5 quick tips that can help keep your business mobile devices (and the information stored on them) secure.
Tip 1: Don’t connect to unknown Wi-Fi Hotspots: When you use public Wi-Fi hotspots (for example in hotels or coffee shops), there is no way to easily find out who controls the hotspot, or to prove that it belongs to who you think it does. If you connect to these hotspots, somebody else could access:
• what you’re working on whilst connected
• your private login details that many apps and web services maintain whilst you’re logged on
The simplest precaution is not to connect to the Internet using unknown hotspots, and instead use your mobile network, which will have built-in security.

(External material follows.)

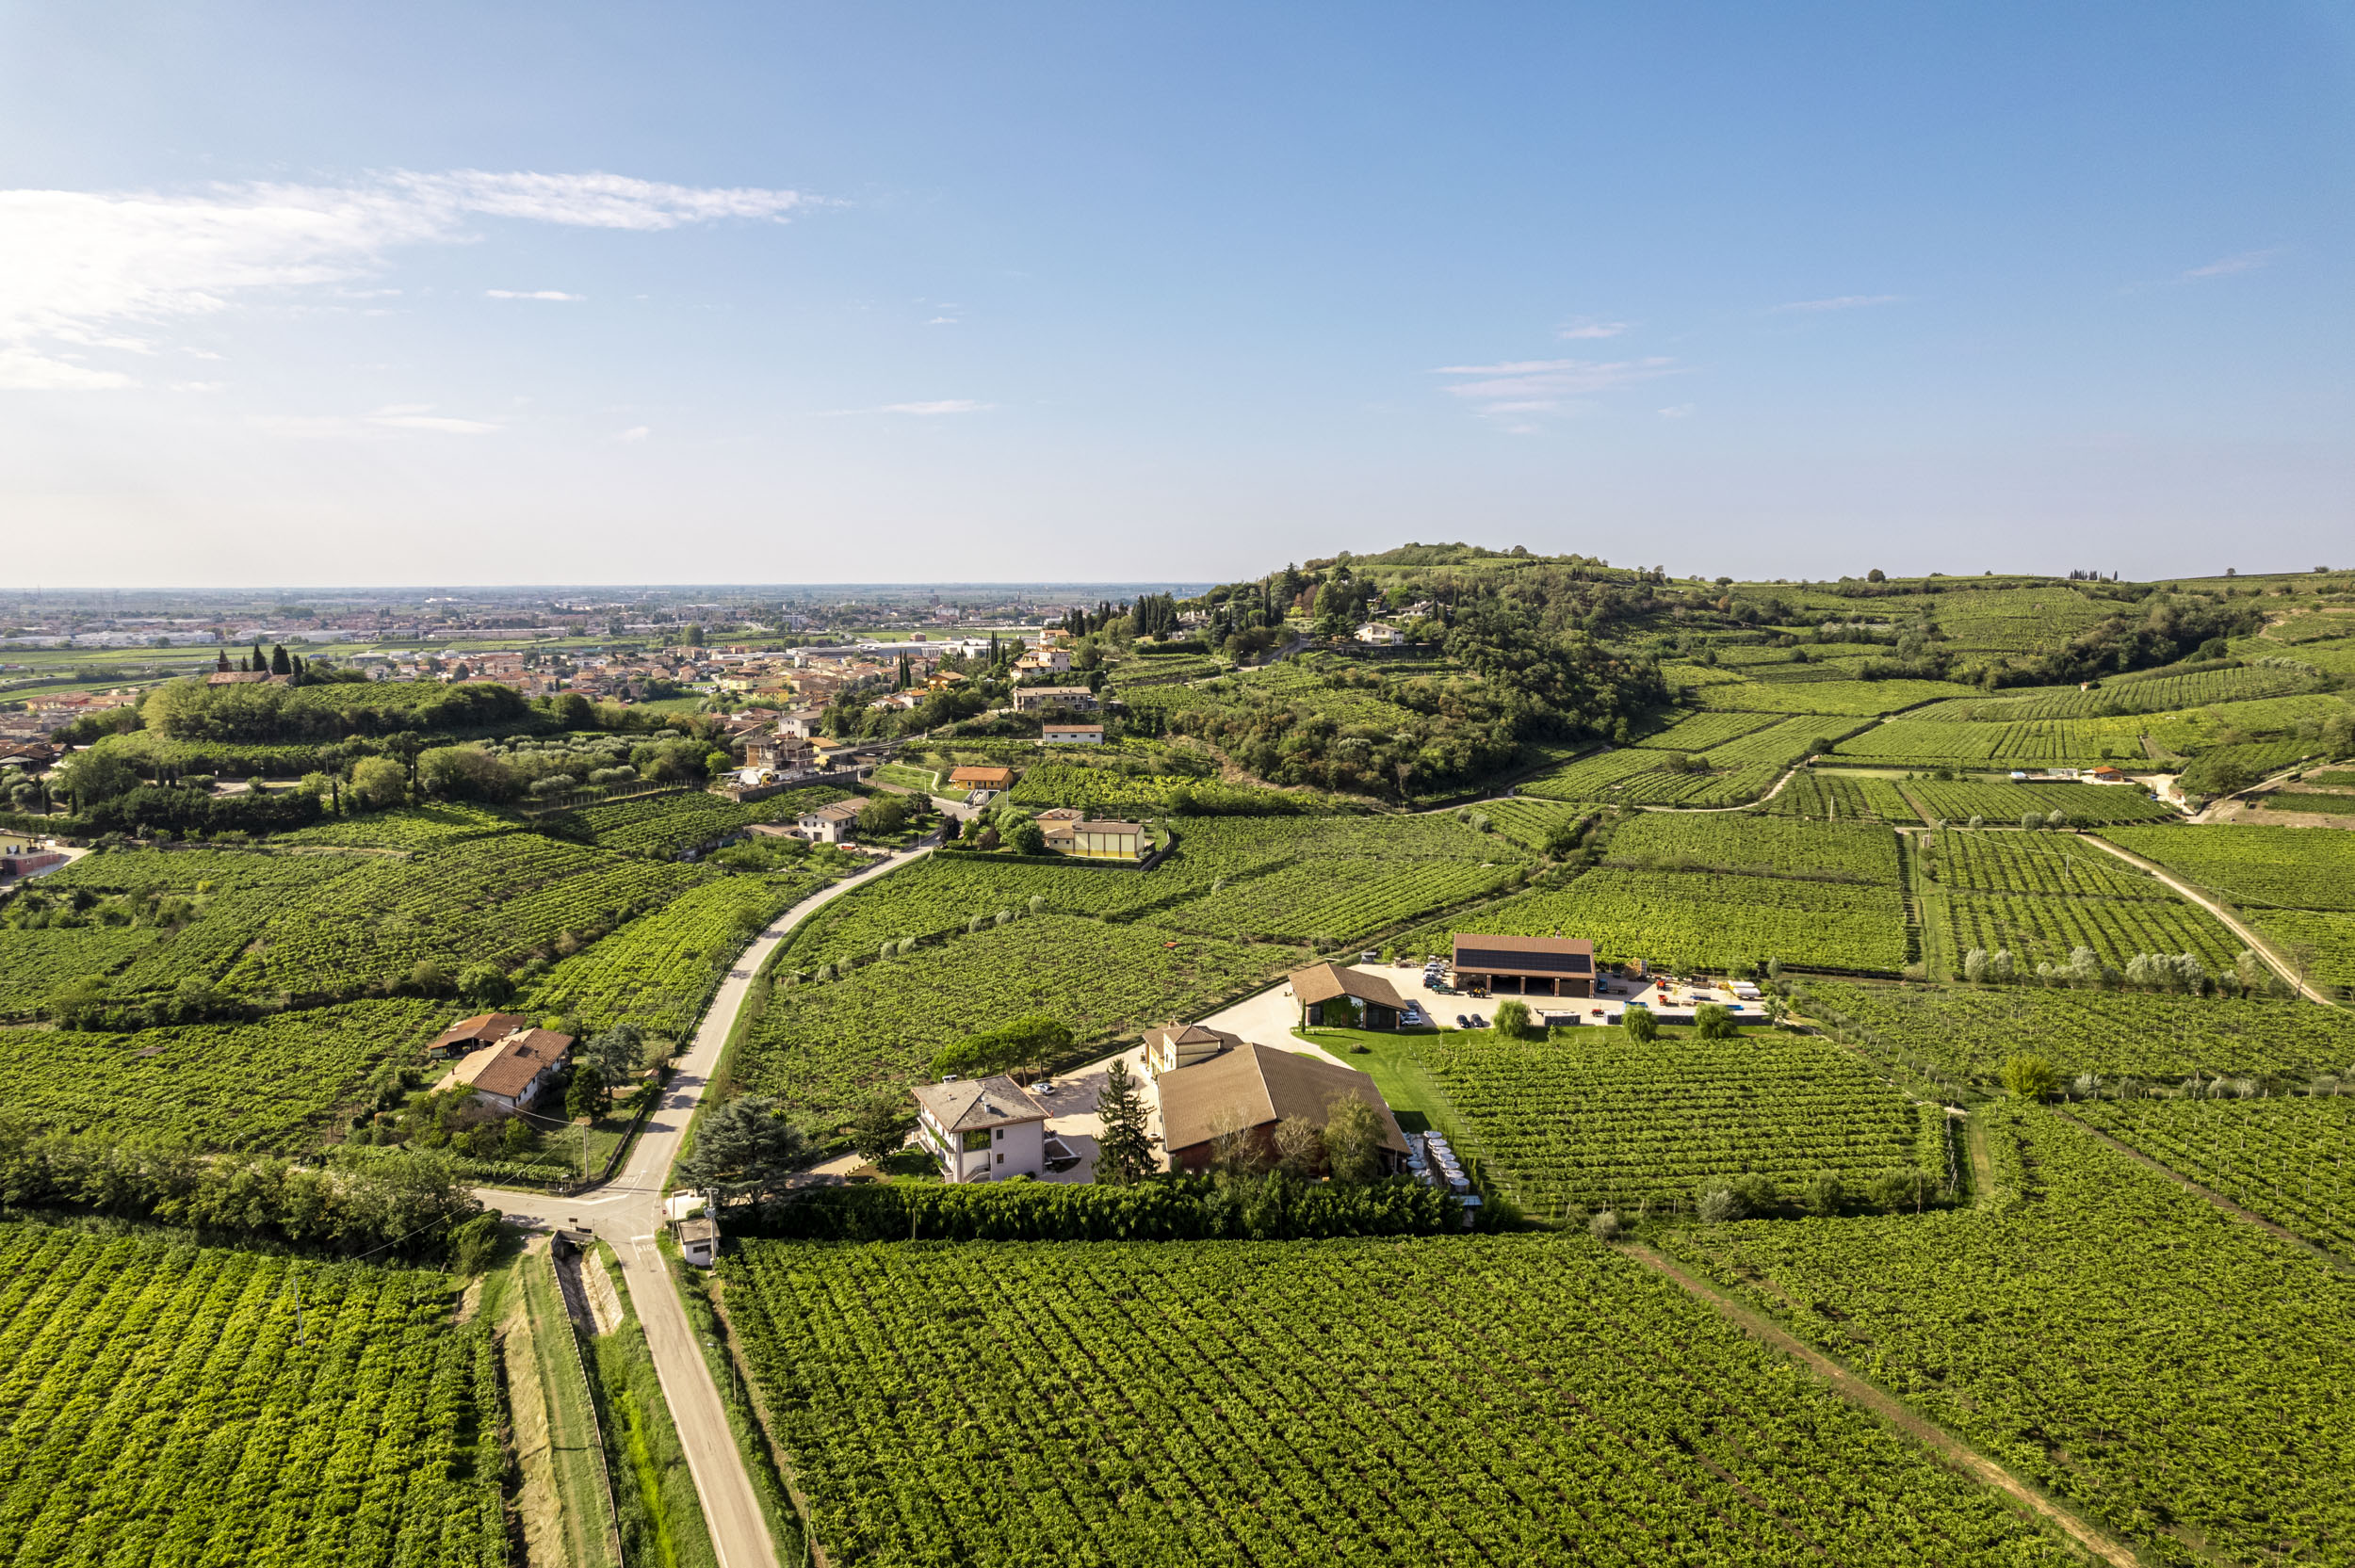 Qui prendono vita i suoi vini, dai vigneti allevati tra le colline del Soave e della Valpolicella, foto da comunicato stampa

If you need information regarding Mobile Broadband connections, click on the link.
Tip 2: Make sure lost or stolen devices can be tracked, locked or wiped: Staff are more likely to have their tablets or phones stolen (or lose them) when they are away from the office or home. Fortunately, the majority of devices include free web-based tools that are invaluable should you lose your device. You can use them to:
• track the location of a device
• remotely lock access to the device (to prevent anyone else using it)
• remotely erase the data stored on the device
• retrieve a backup of data stored on the device
Setting up these tools on all your organisation’s devices and using mobile device management software, you can set up your devices to a standard configuration with a single click.

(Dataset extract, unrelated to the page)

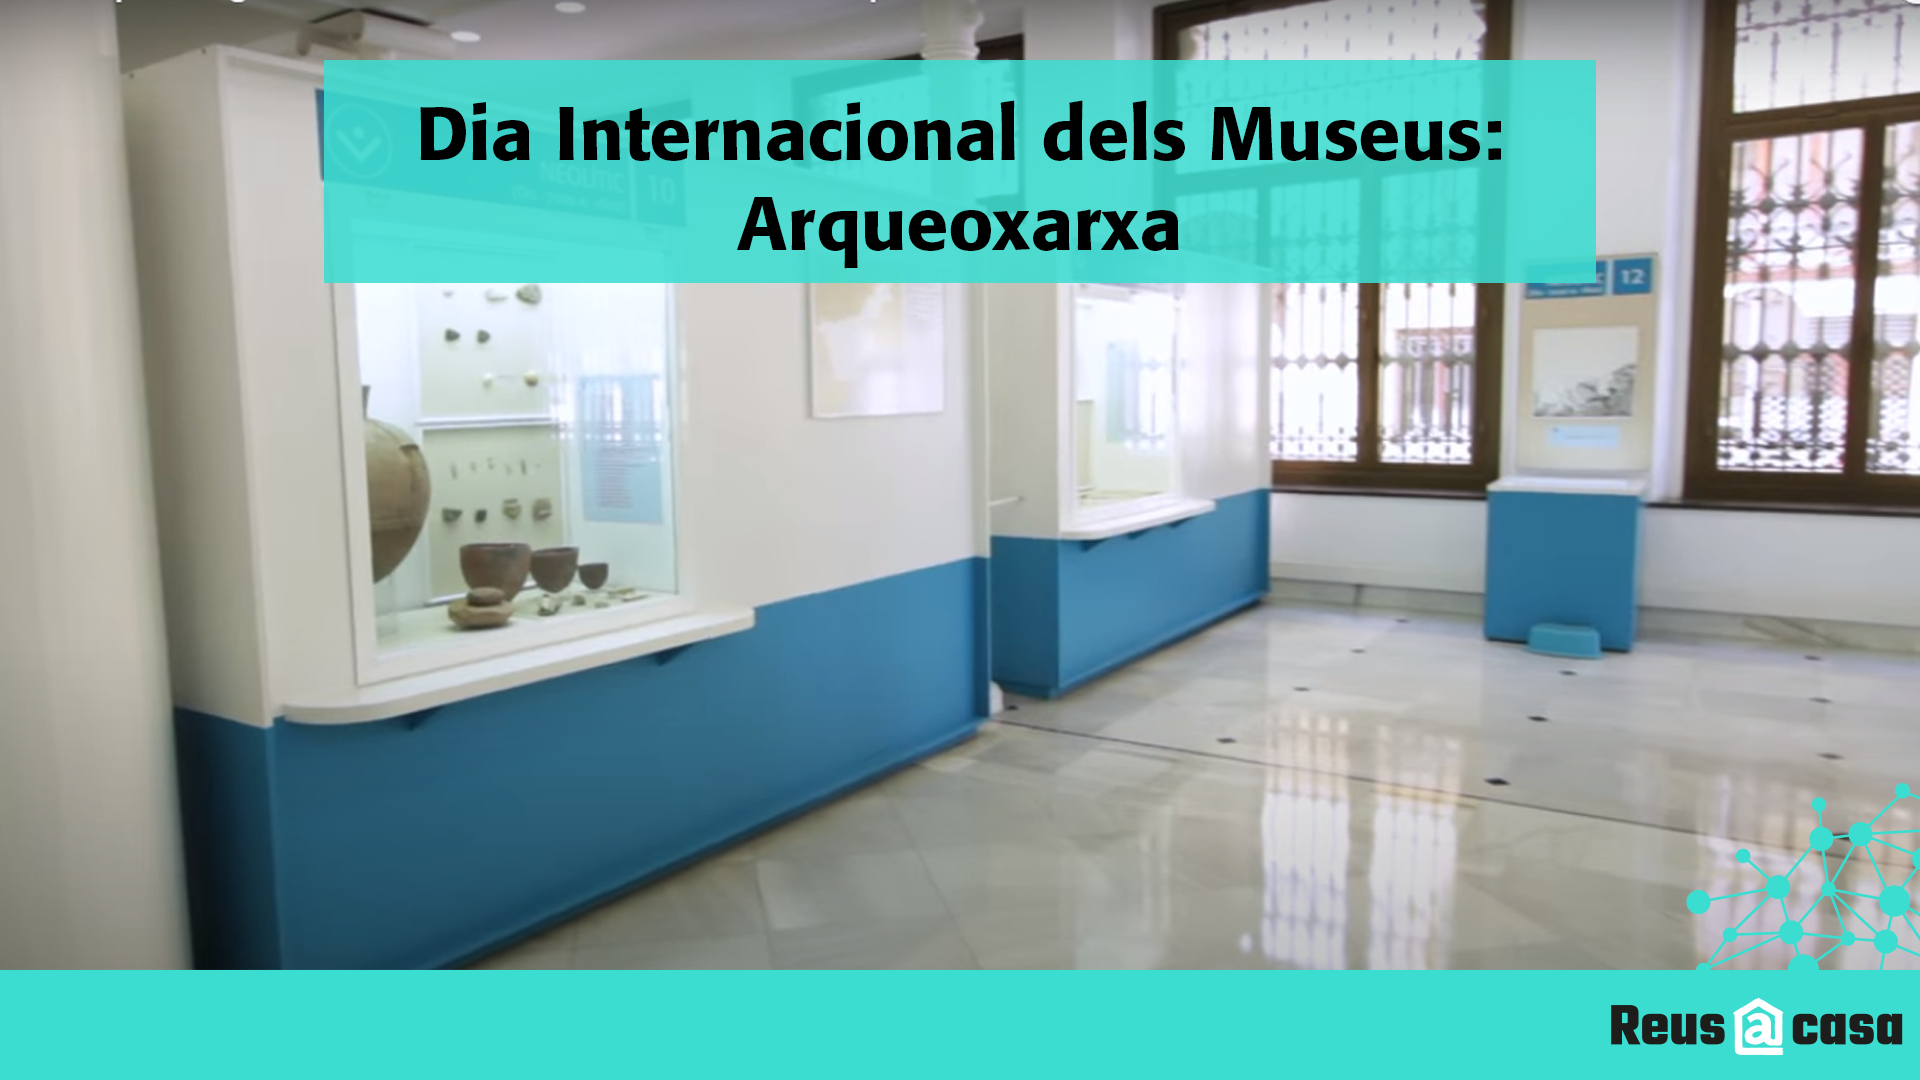 Dia Internacional dels Museus: Arqueoxarxa

Tip 3: Keep your device up to date: No matter what phones or tablets your organisation is using, it is important that they are kept up to date at all times. All manufacturers (for example Windows, Android, iOS) release regular updates that contain critical security updates to keep the device protected.
Tip 4: Keep your apps up to date: Just like the operating systems on your organisation’s devices, all the applications that you have installed should also be updated regularly with patches from the software developers. These updates will not only add new features, but they will also patch any security holes that have been discovered.

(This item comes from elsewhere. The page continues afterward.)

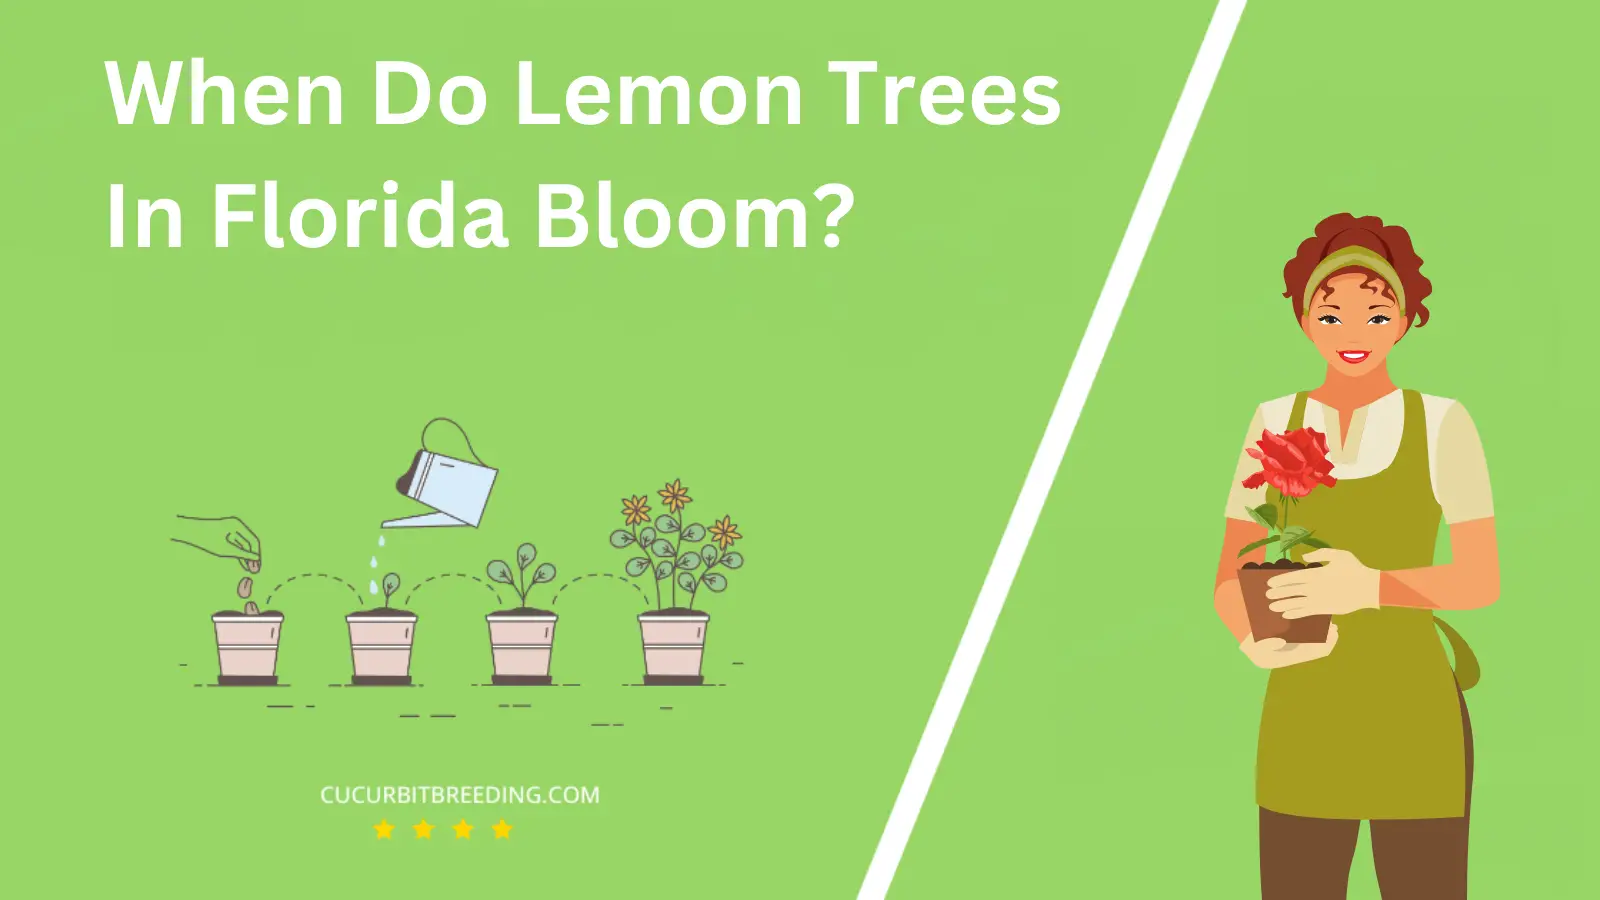 When Do Lemon Trees In Florida Bloom?

Tip 5: Switch on password protection: A suitably complex PIN or password (opposed to a simple one that can be easily guessed or gleaned from your social media profiles) will prevent the average criminal from accessing your phone. Many devices now include fingerprint or facial recognition to lock your device, without the need for a password. However, these features are not always enabled ‘out of the box’, so you should always check they have been switched on.